◆ WORK INSTRUCTIONS ◆
Because the images are not wanted, restate every line below word for word without them.

◆ SUPPLIED INFORMATION ◆
------

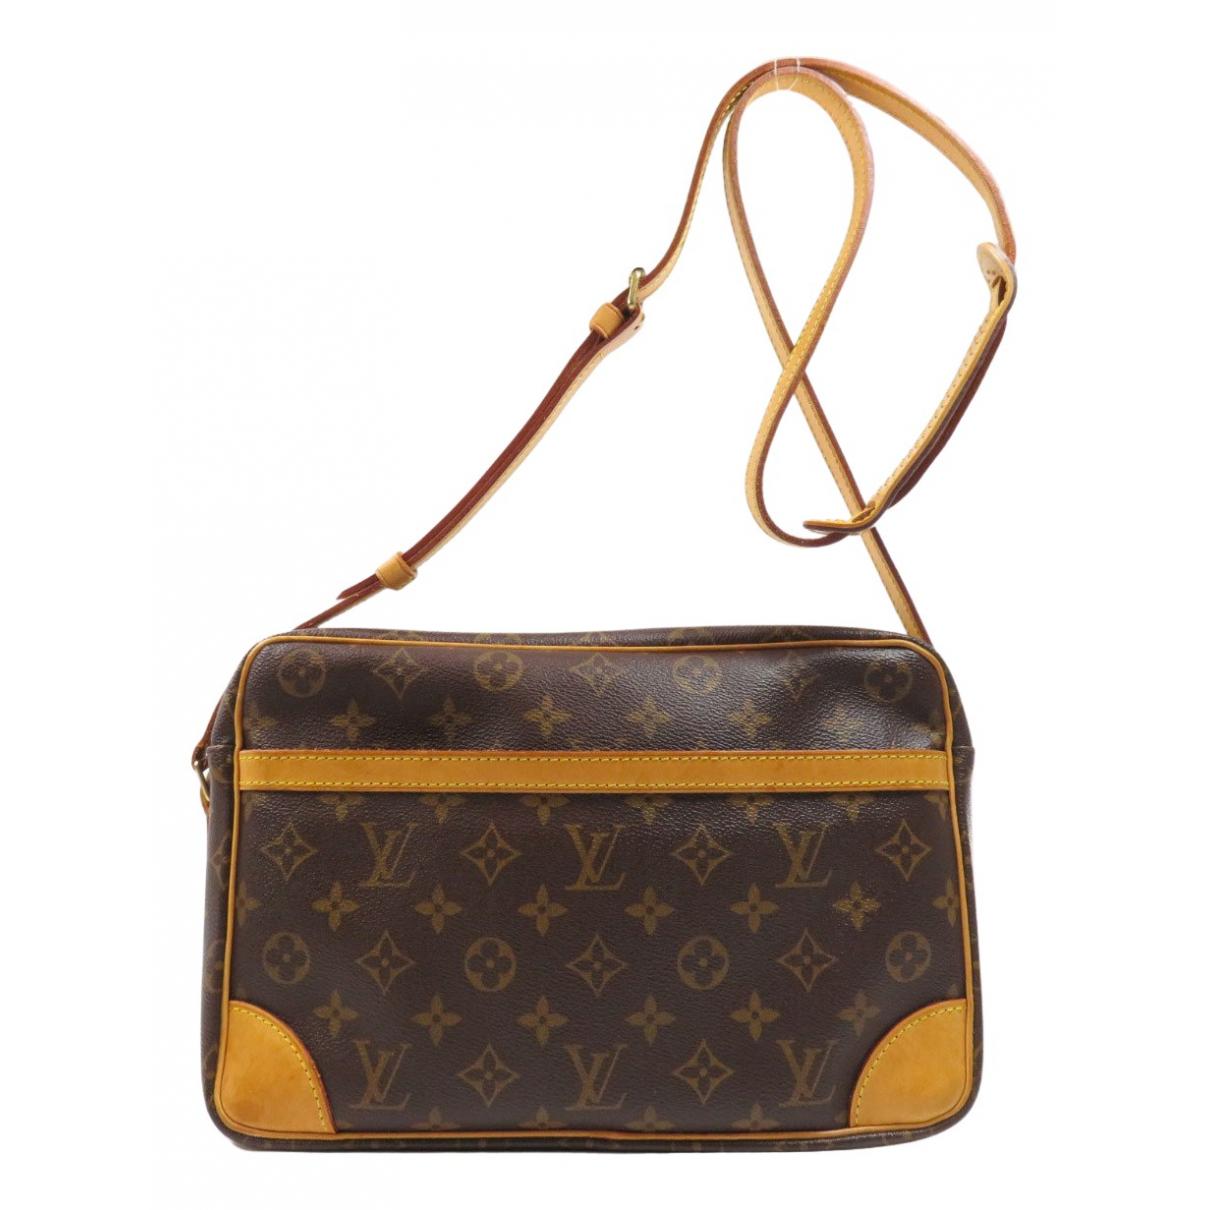 Louis Vuitton - Sac a main Trocadero pour femme en toile - marron
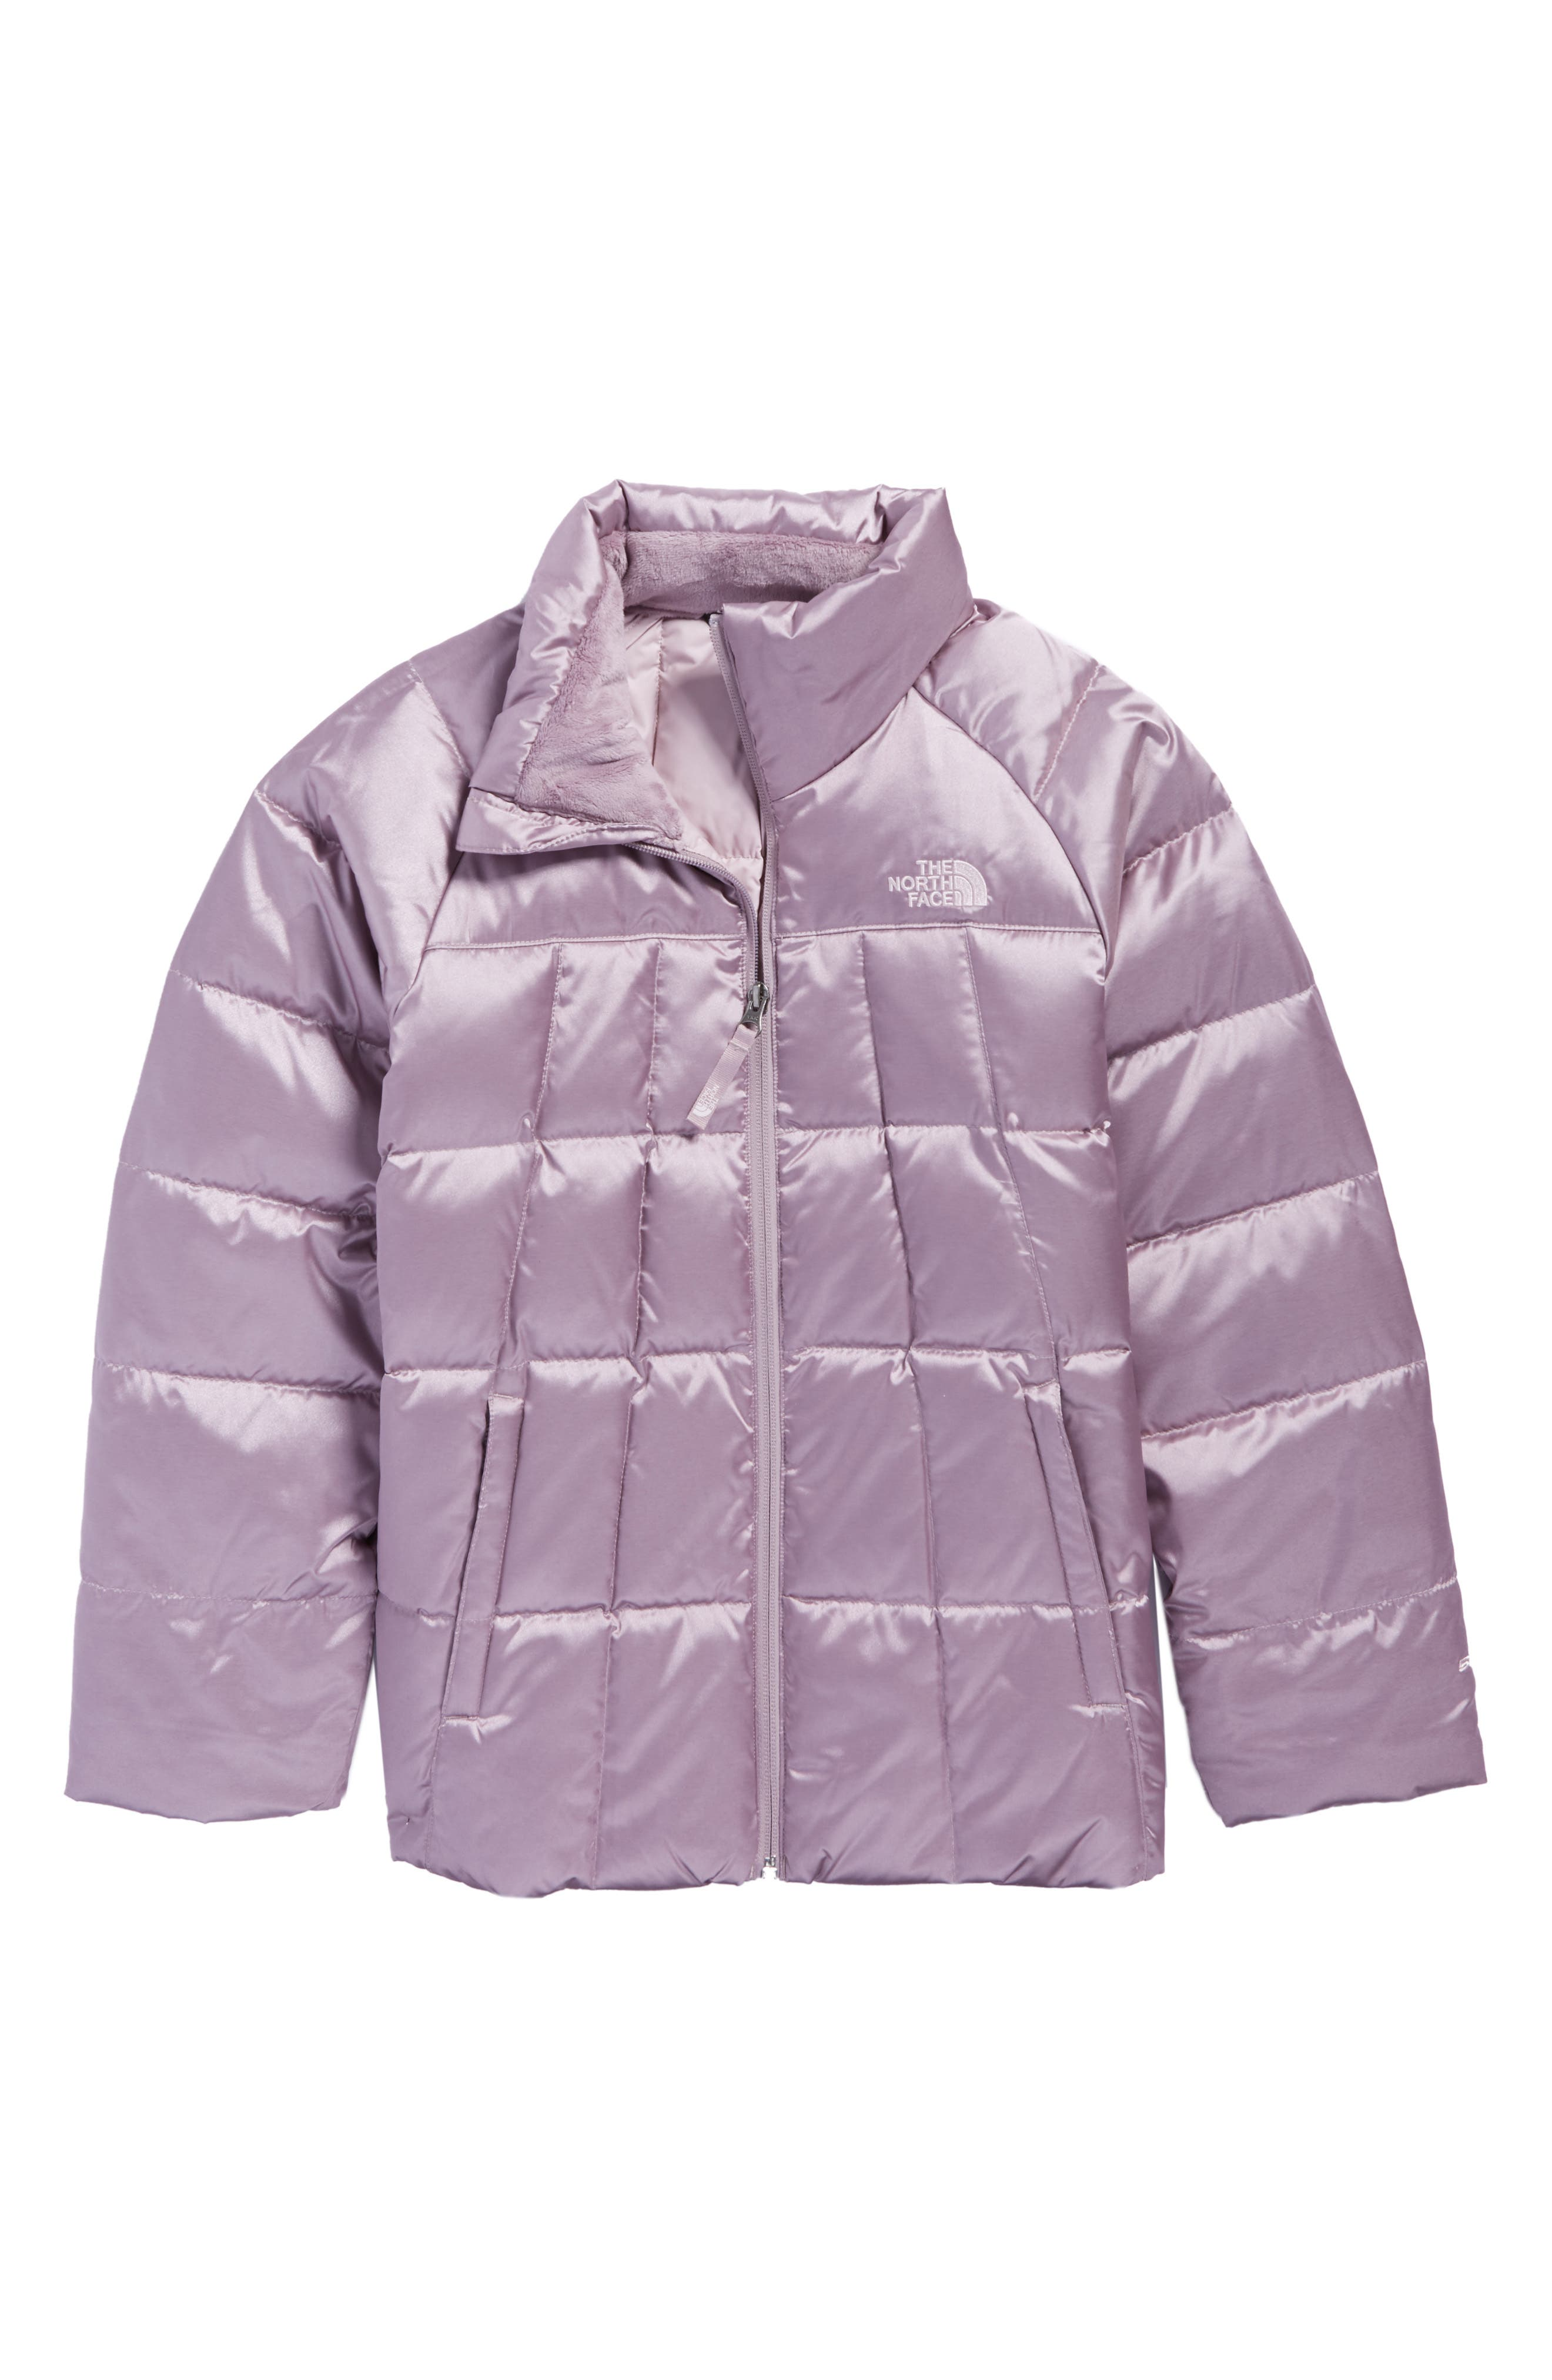 Aconcagua Down Jacket,                             Main thumbnail 1, color,                             Quail Grey
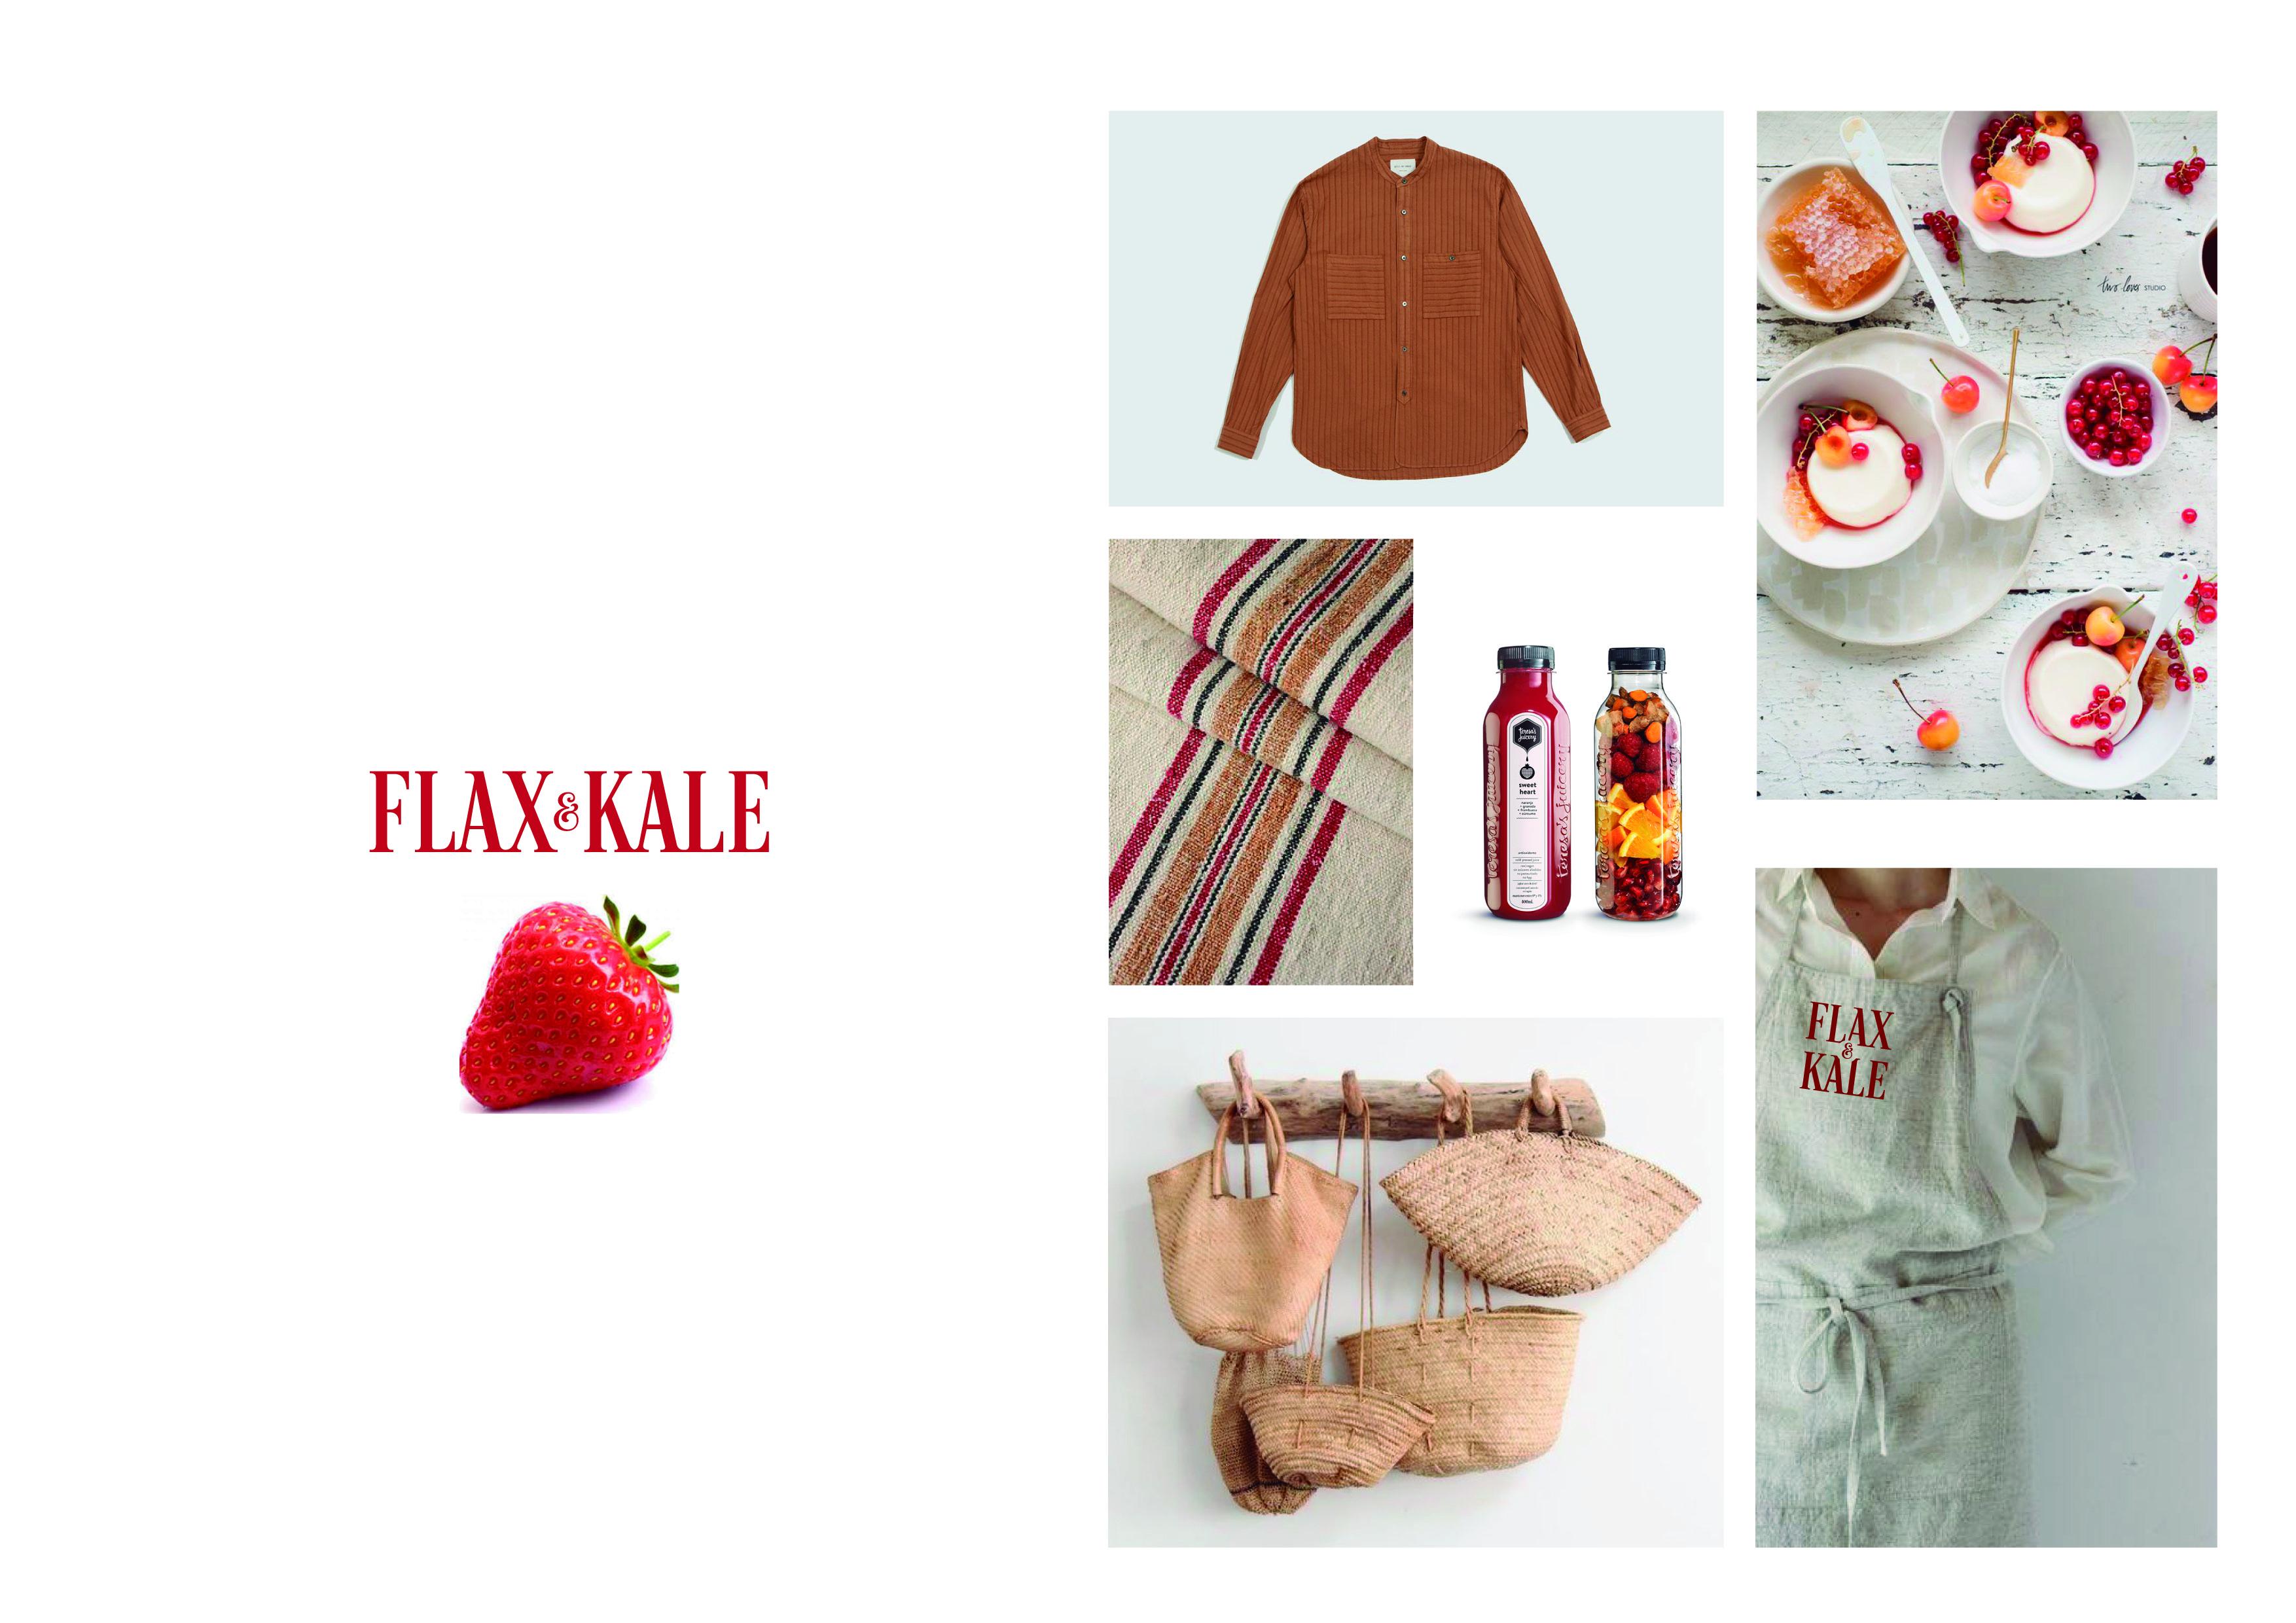 FLAX&KALE FINAL-04

------

◆ PROBLEM SOLUTION ◆
 Louis Vuitton - Sac a main Trocadero pour femme en toile - marron
 Aconcagua Down Jacket,                             Main thumbnail 1, color,                             Quail Grey
 FLAX&KALE FINAL-04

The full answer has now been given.